# Letting agency and utility bills



## Puglife (Nov 6, 2015)

I wonder if anyone can help, please?

So we rent a student property through a letting agency. Before we moved in we tried to arrange bills in our names from the start of the tenancy date. However, when trying to we couldn't as the house was under a business account. 

Having spoken to the letting agency we were told they paid all the houses they managed in one go and then send us an invoice for our usage. This seemed odd but accepted it as they said it was cheaper for us as they got a business discount.

One quarter passed and no bills- enquired and said they were having issues and would get it to us ASAP.

Fast forward 3 months, (7 months after moving in) and we now have a bill after months of pestering.
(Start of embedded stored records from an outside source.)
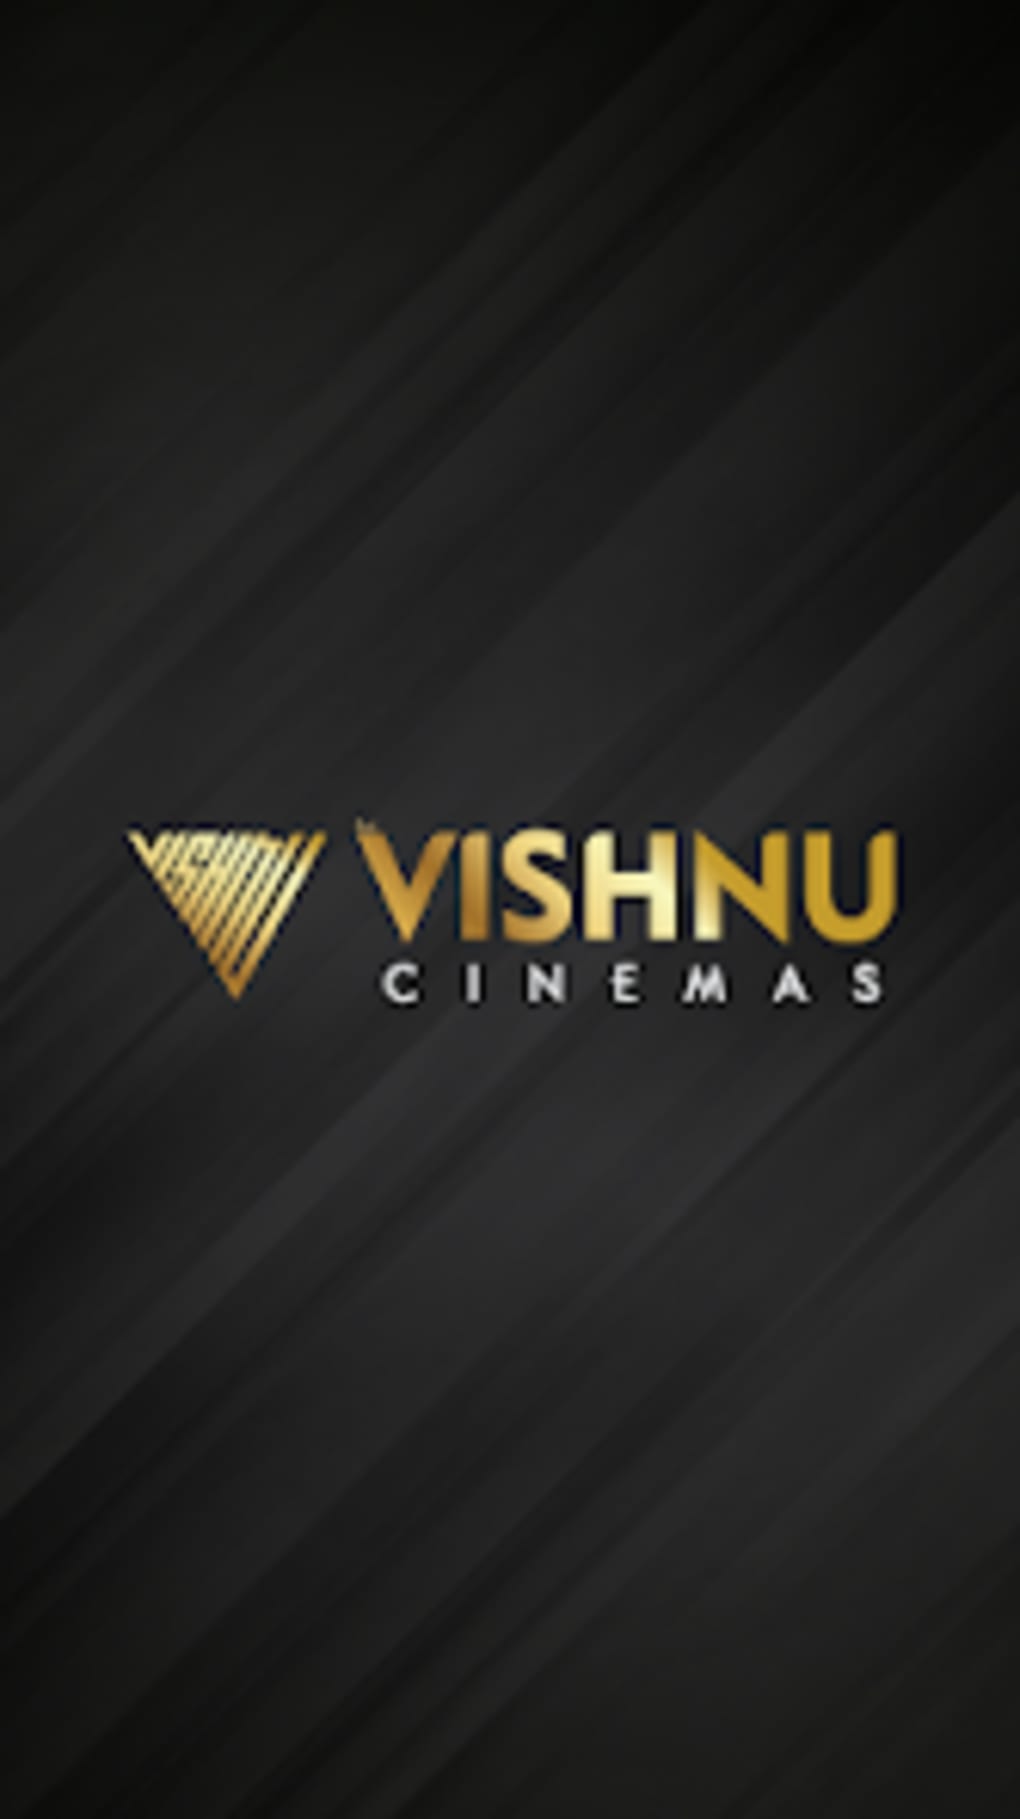 Sri Vishnu cinemas - Vellore for Android - Download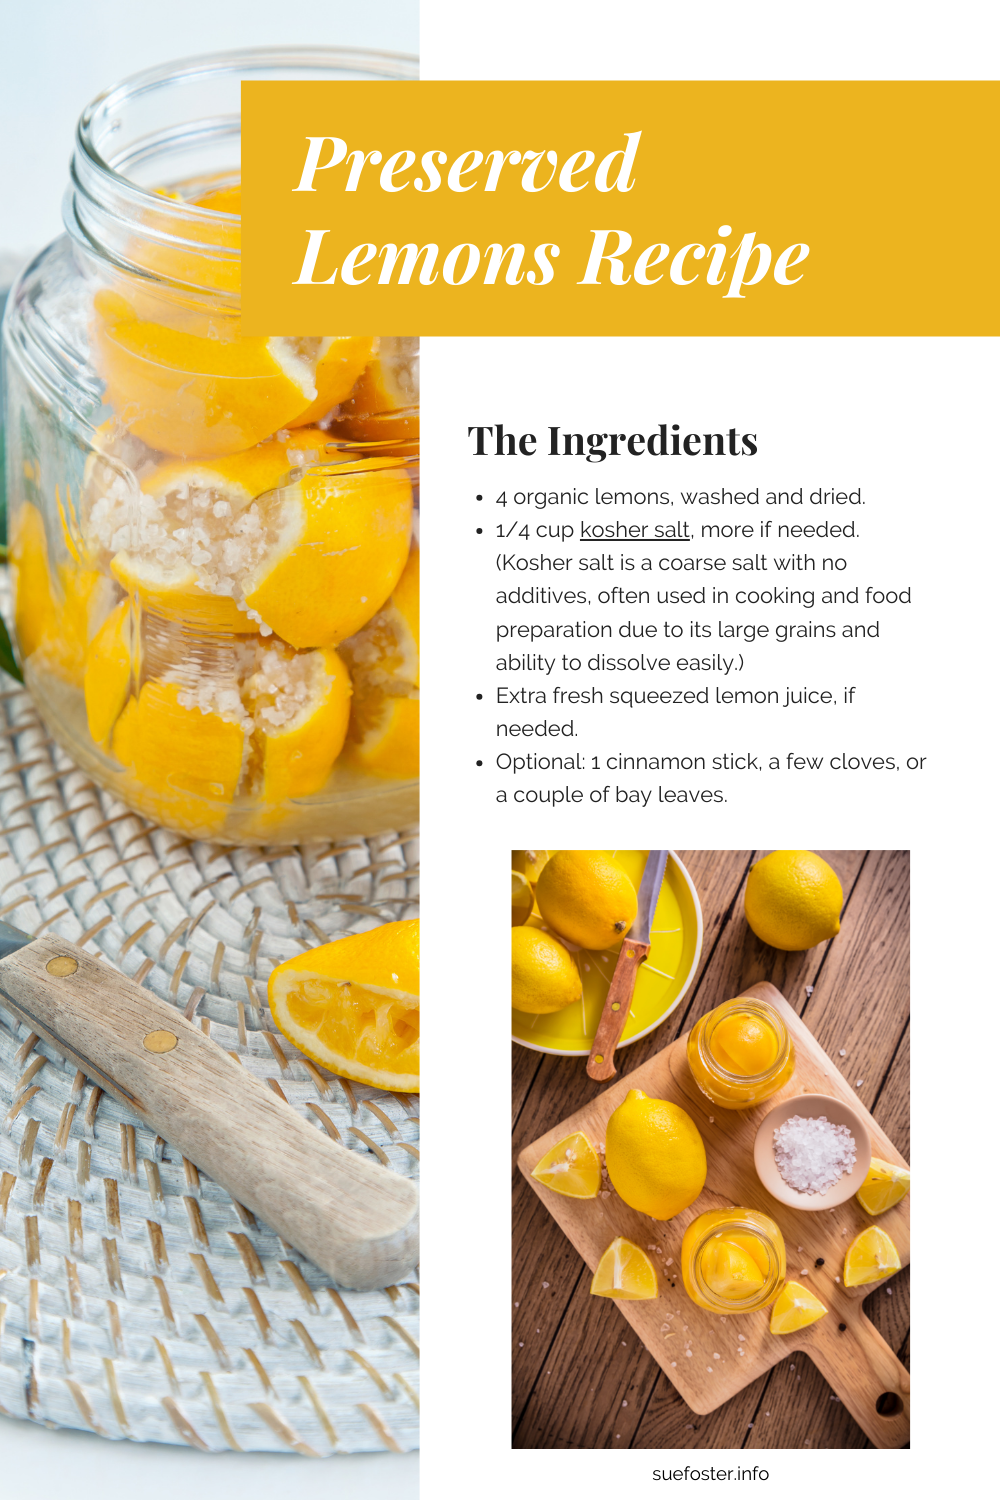 Easy-to-make preserved lemons recipe with organic lemons, kosher salt, and optional spices.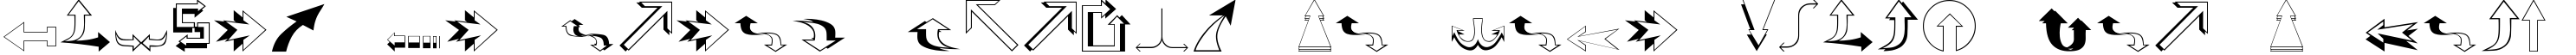 Пример написания шрифтом Arrows2 текста на французском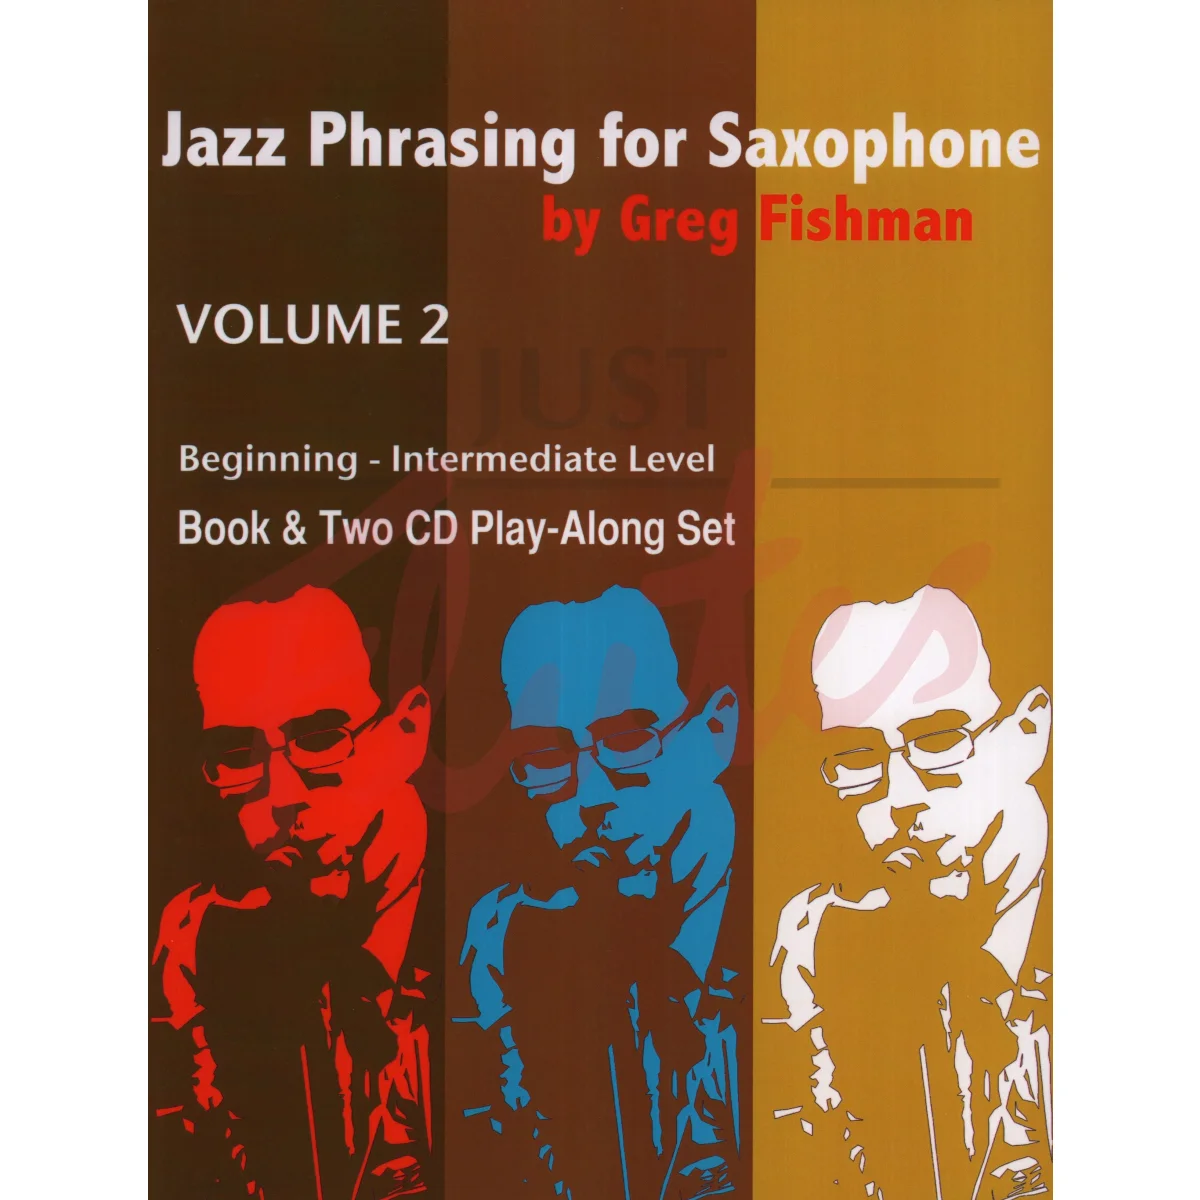 Jazz Phrasing for Saxophone Vol. 2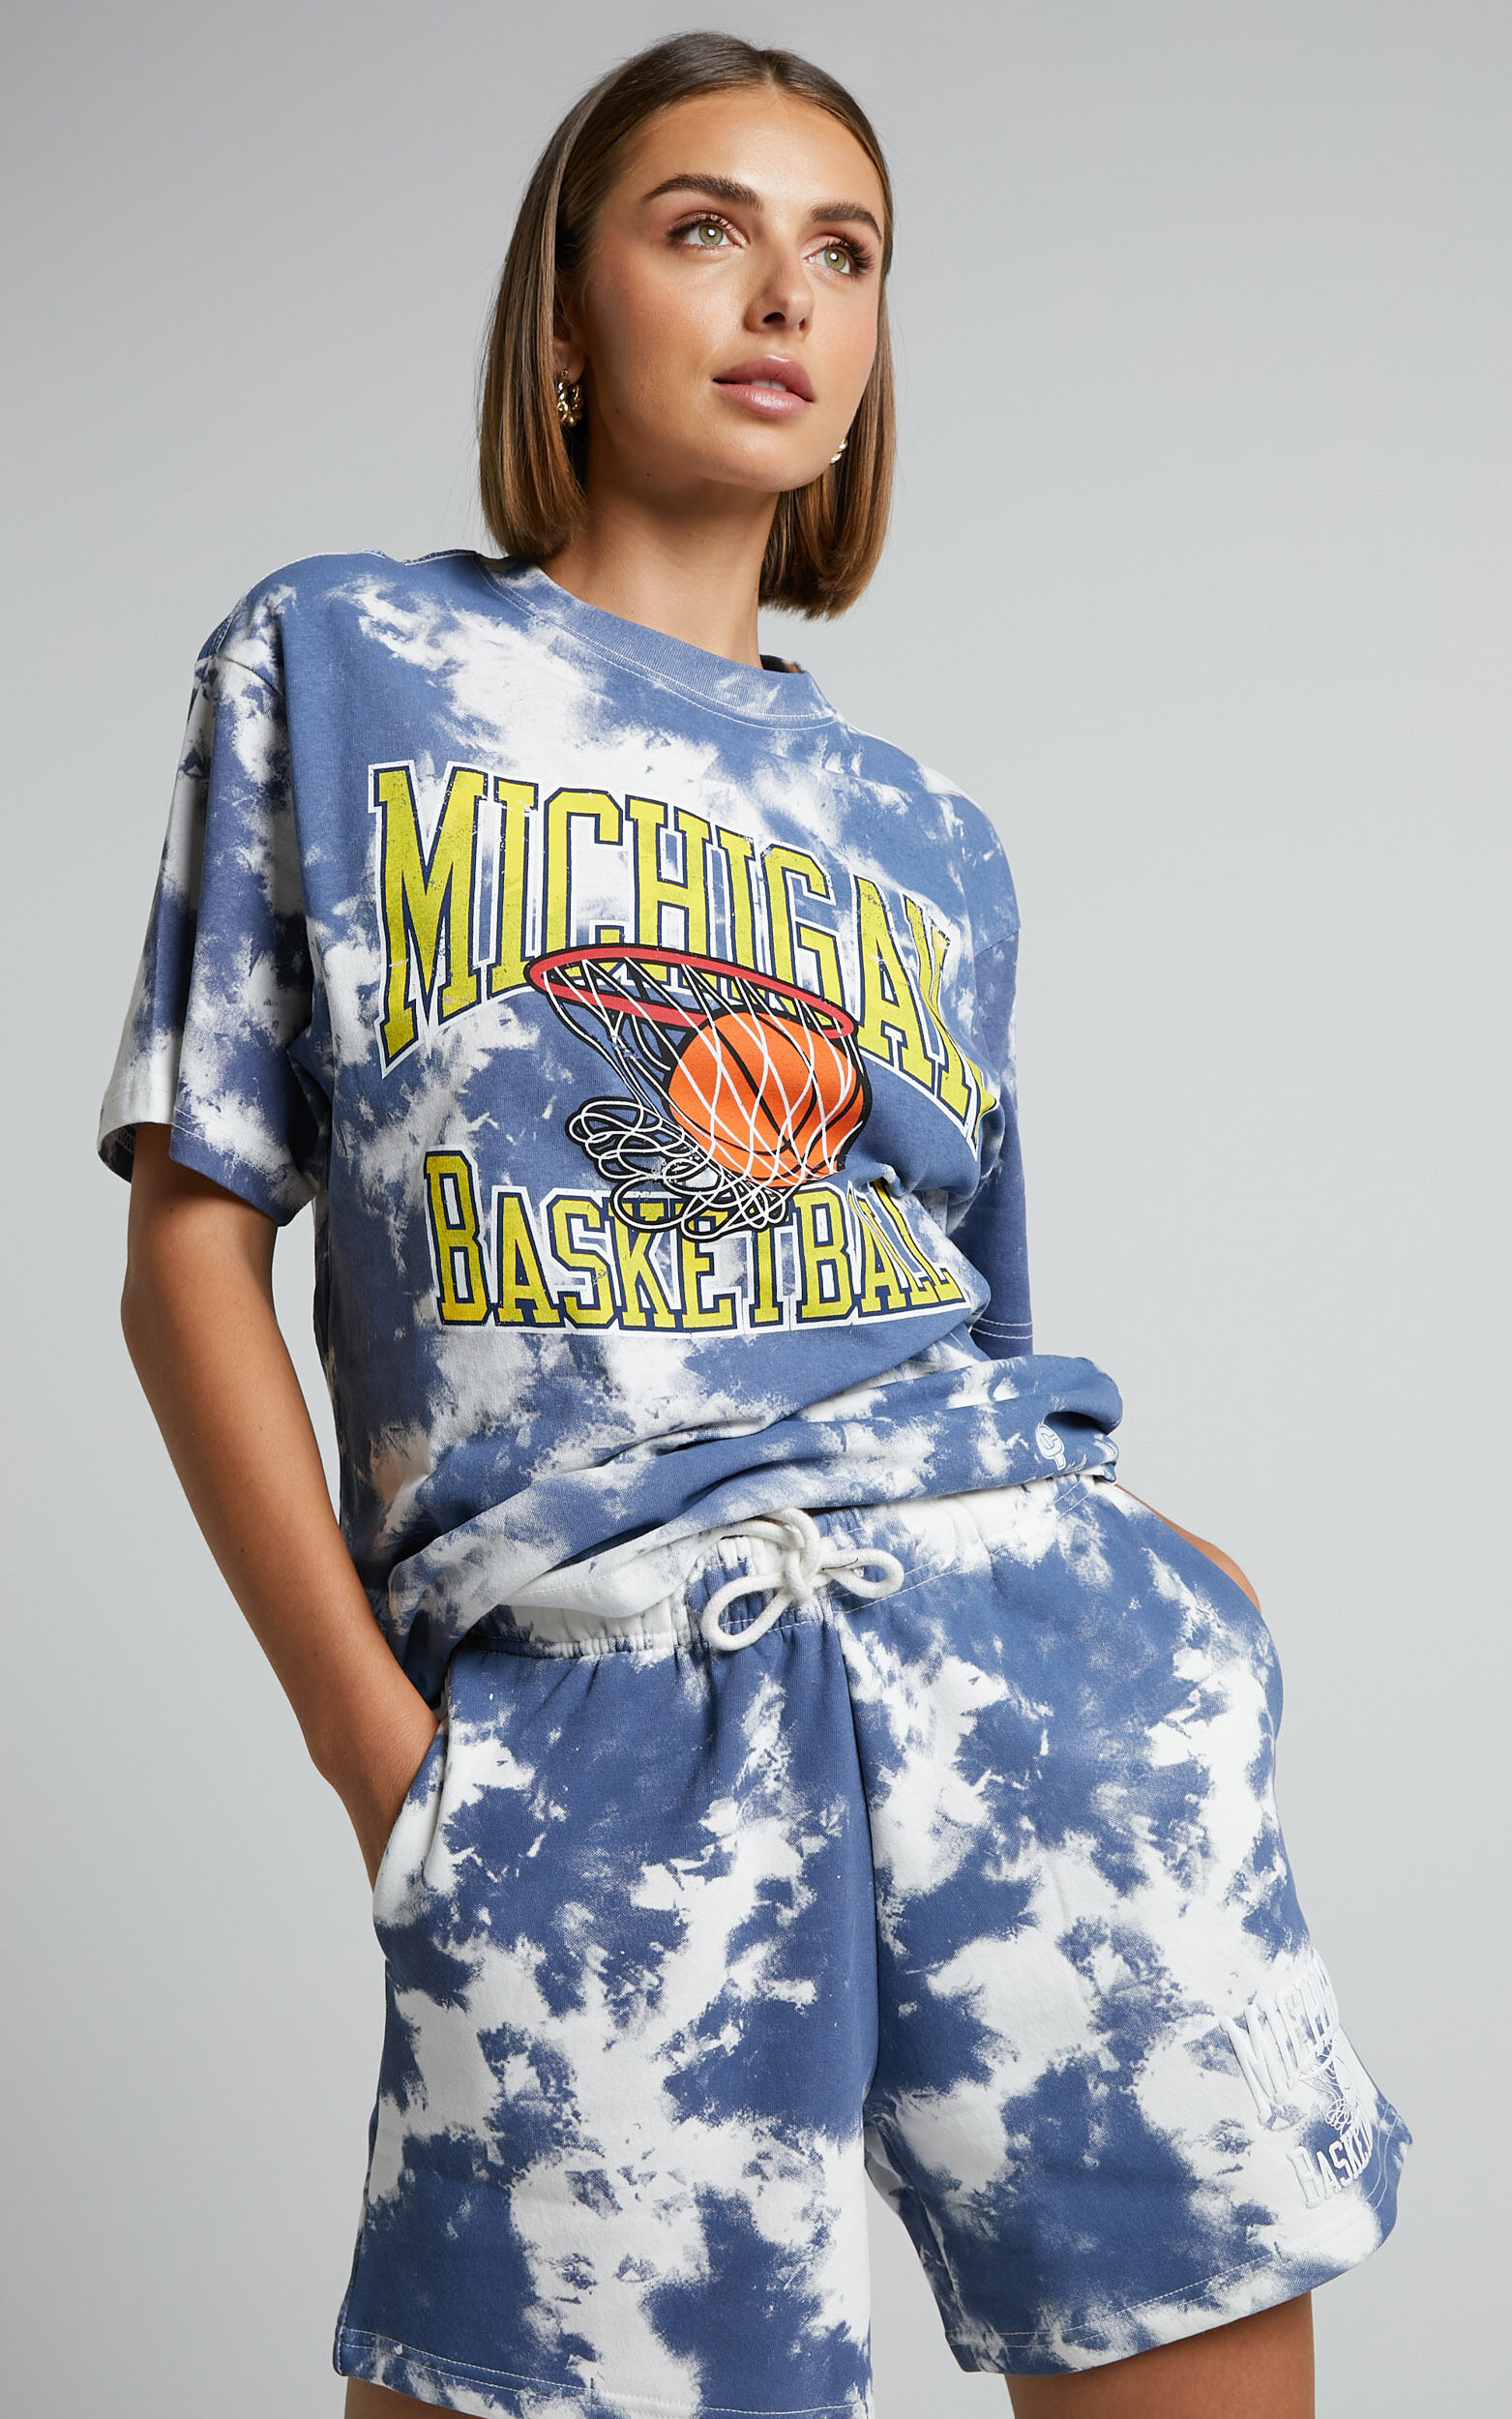 Mitchell & Ness - Michigan Basketball Tee in Blue Tie Dye - L, WHT1

The bill is quite large and £160 more than expected having been told a price (bill date up to feb) in March that they'd looked up but hadn't given us a formal statement.

Now okay I accept things can go wrong, but I am annoyed it takes 6 months to get us a bill. (especially as we could have adjusted our utility use after the first 3 months).

But to add salt in the wounds the tariff we have been charged is working out much more expensive than a tariff we could have sorted ourselves. So this price advantage they spoke of is not true to a tune of £150 by my calculations.

My questions are
- is it fair to be forced into a utility bill arrangement we did not want?
- can they leave it so long then expect payment ASAP (we have the money as budgeted but morally not fair?)
-Is there anything we can do, as I'm peeved the arrangement is costing us more than going direct to the same supplier
-Any advise on where to get professional advise from?

Many thanks!


----------



## Clancy (Jul 21, 2013)

What's in your tenancy agreement ? If you signed for this deal your stuck with it 

Depends how it's worded


----------